Friday 17 March 2017

Eye

St Matthew [LNK] is honestly one of the strangest, if not to say bonkers, building I've seen to date. Victoriana gone mad, I'm almost glad it is inaccessible, I liked the village sign though.

ST MATTHEW. 1846 by Basevi, one of his last works. The steeple built shortly after by F. T. Dollman. Cruciform, the W tower carrying a broach spire. Lancet windows. Dull. - FONT. C14. Octagonal, on eight supports not set back. The spaces between the supports form recesses, and the decoration of the bowl is their ogee gables. - STAINED GLASS. E window 1863 by Gibbs (TR). - PLATE. Paten, 1798; Cup, 1809.

St Matthew (2)

Eye (1)

Eye (2)

EYE. In ages past it was an eye, or island, in the Fenland marshes now it lies amid stretches of level land with dykes in place of hedges and the wide arch of the sky extending from horizon to horizon. A giant windmill 80 feet high keeps company with the slender church spire.

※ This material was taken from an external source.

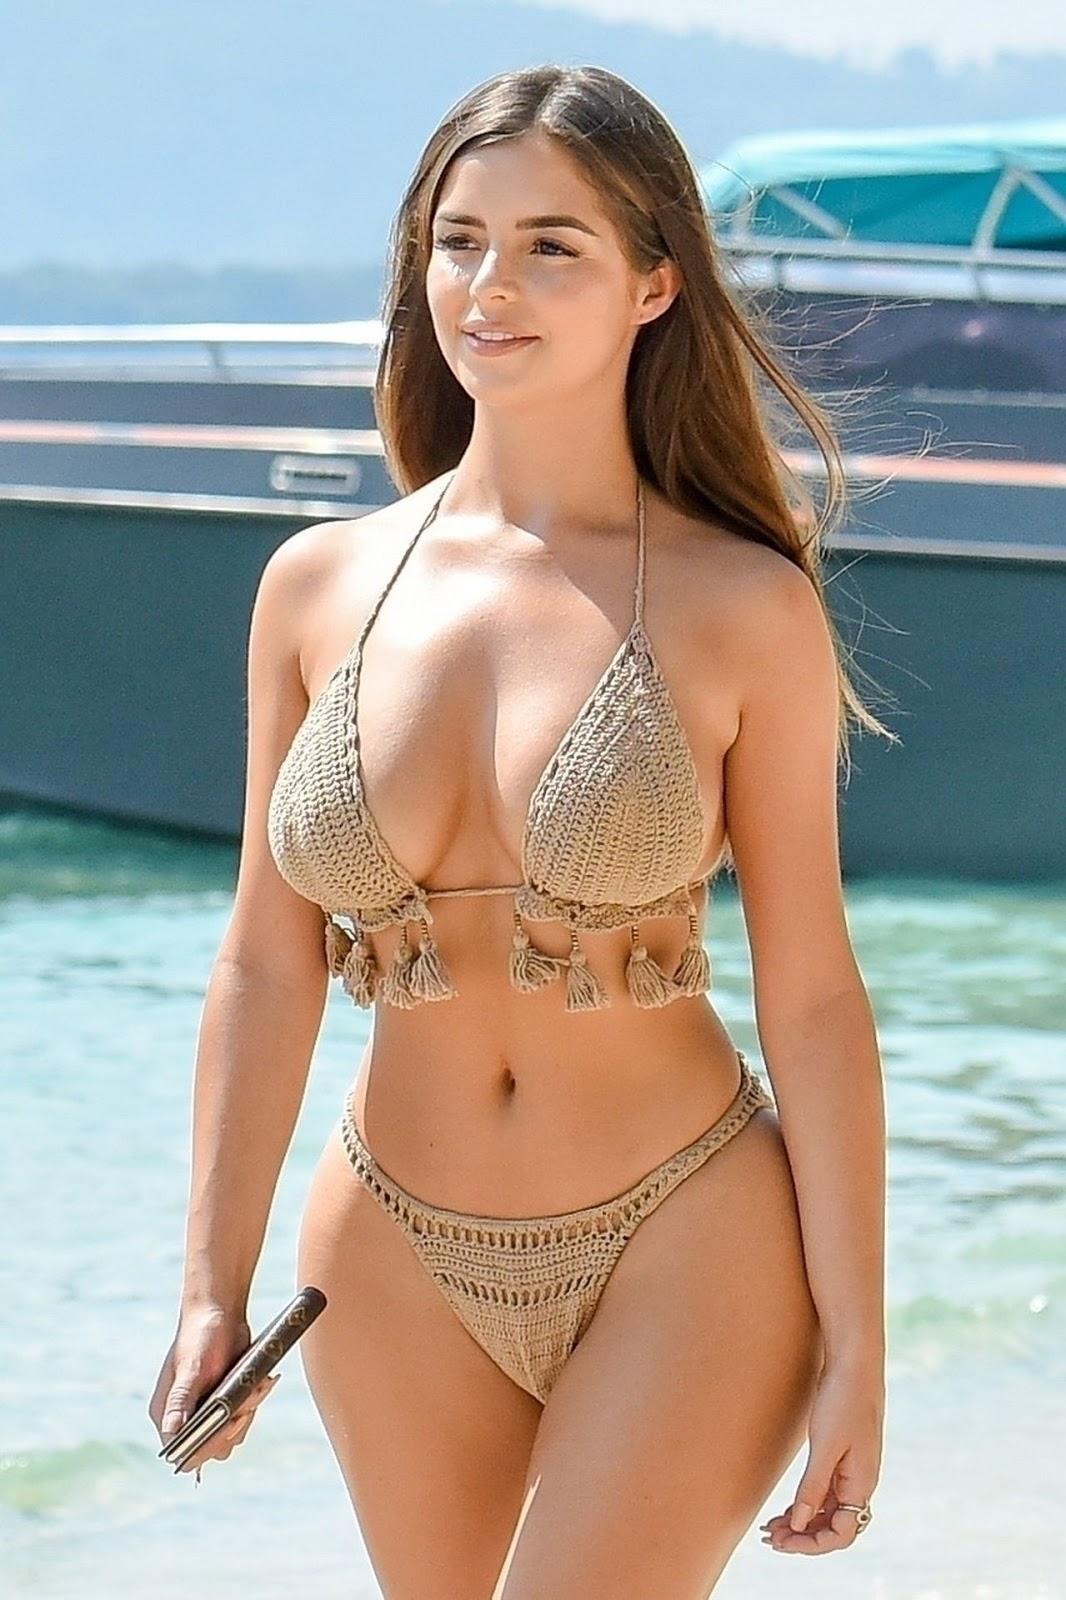 Demi Rose - On a beach in Phuket, Thailand - 02/07/2019

The stone-roofed church is separated from the long village street by a narrow strip of ground with lavender bushes which scent the air in due season. The church is 19th century, built on the site of the old one, and has in its keeping the 14th century font with eight arches, each arch having below it a recess decorated with window tracery. All the windows in the church are lancets, and the painted glass in one of them represents the innkeeper at Bethlehem refusing accommodation to Joseph and Mary.